Below are entries. Reproduce exactly the lines between the line holding "Получивших российский паспорт" and the line holding "Miljörapporter tillhandahölls av", inclusive, and only those.

DATASET EXCERPTS:
----------
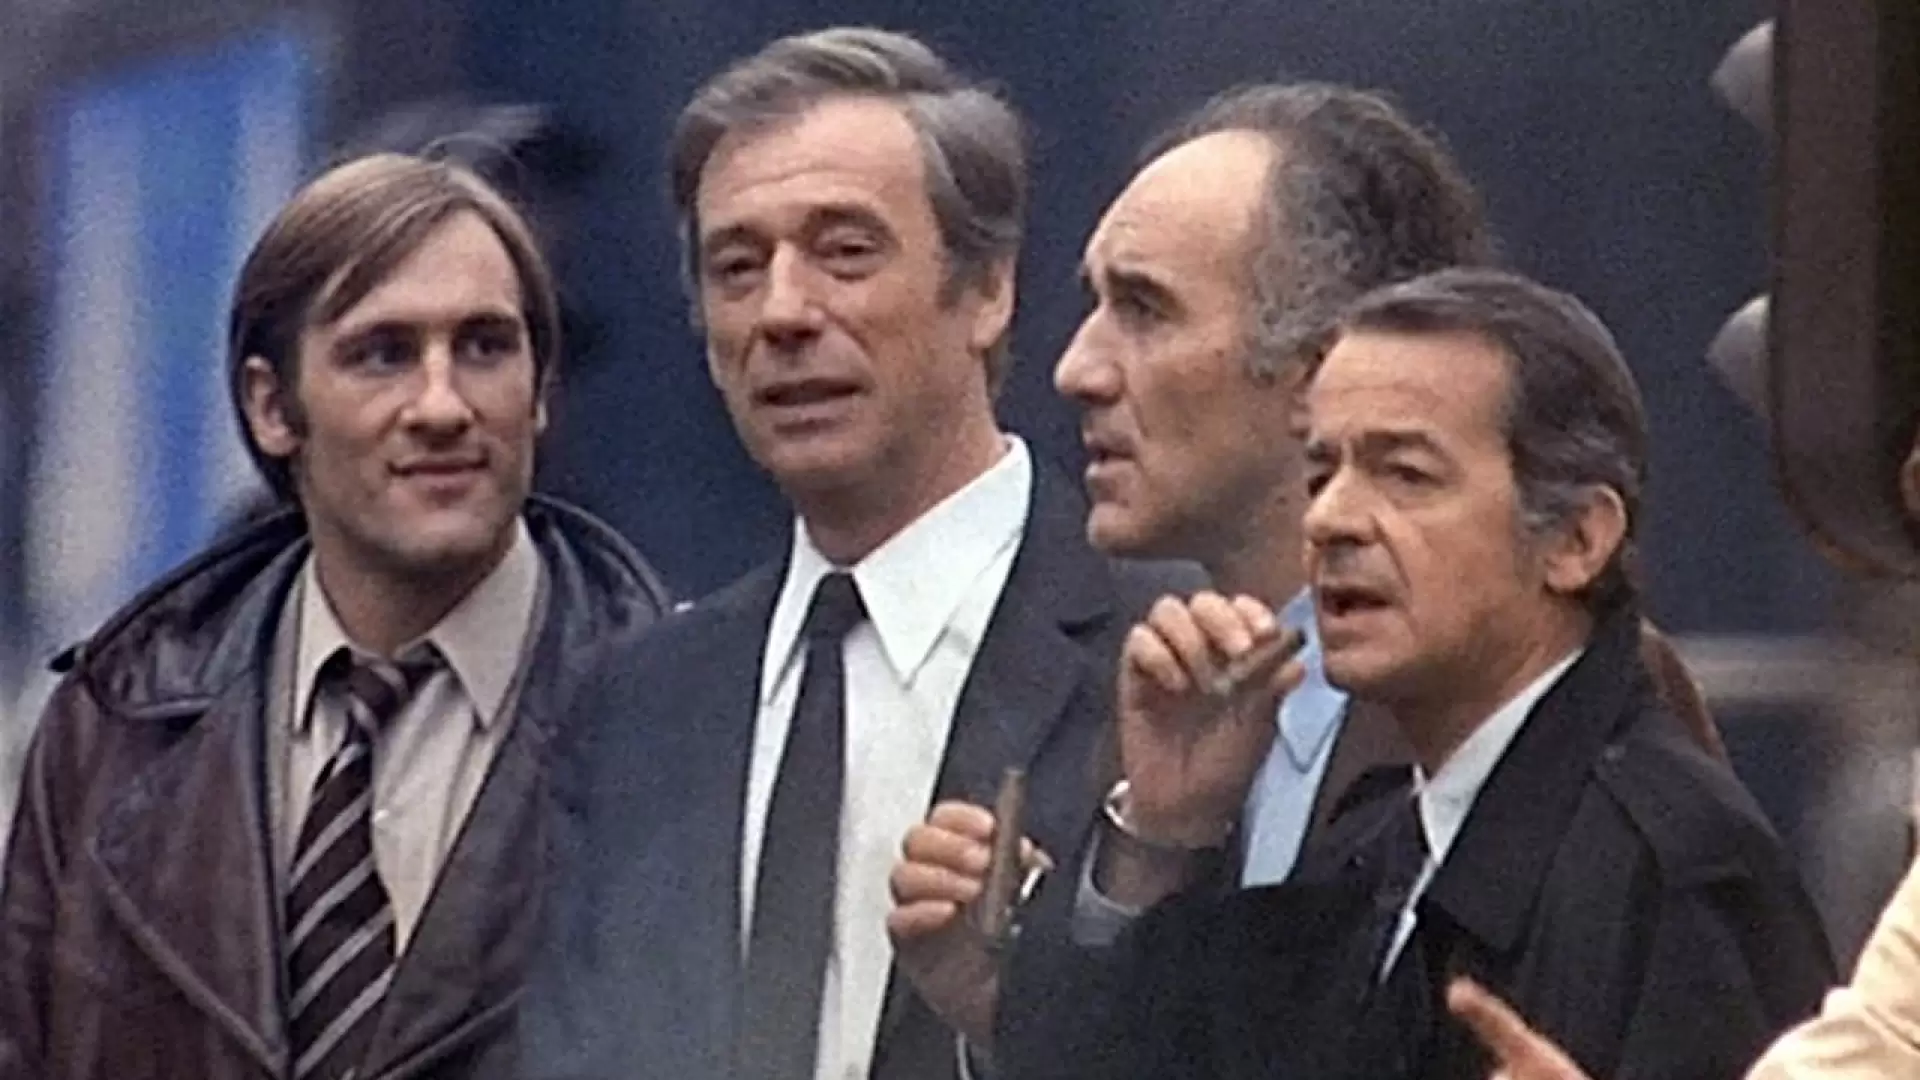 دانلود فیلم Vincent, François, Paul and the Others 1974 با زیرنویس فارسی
----------
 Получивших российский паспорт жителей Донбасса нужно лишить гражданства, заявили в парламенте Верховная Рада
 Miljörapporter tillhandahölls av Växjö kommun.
----------
EXERCISE OUTPUT:
 Получивших российский паспорт жителей Донбасса нужно лишить гражданства, заявили в парламенте Верховная Рада
 Miljörapporter tillhandahölls av Växjö kommun.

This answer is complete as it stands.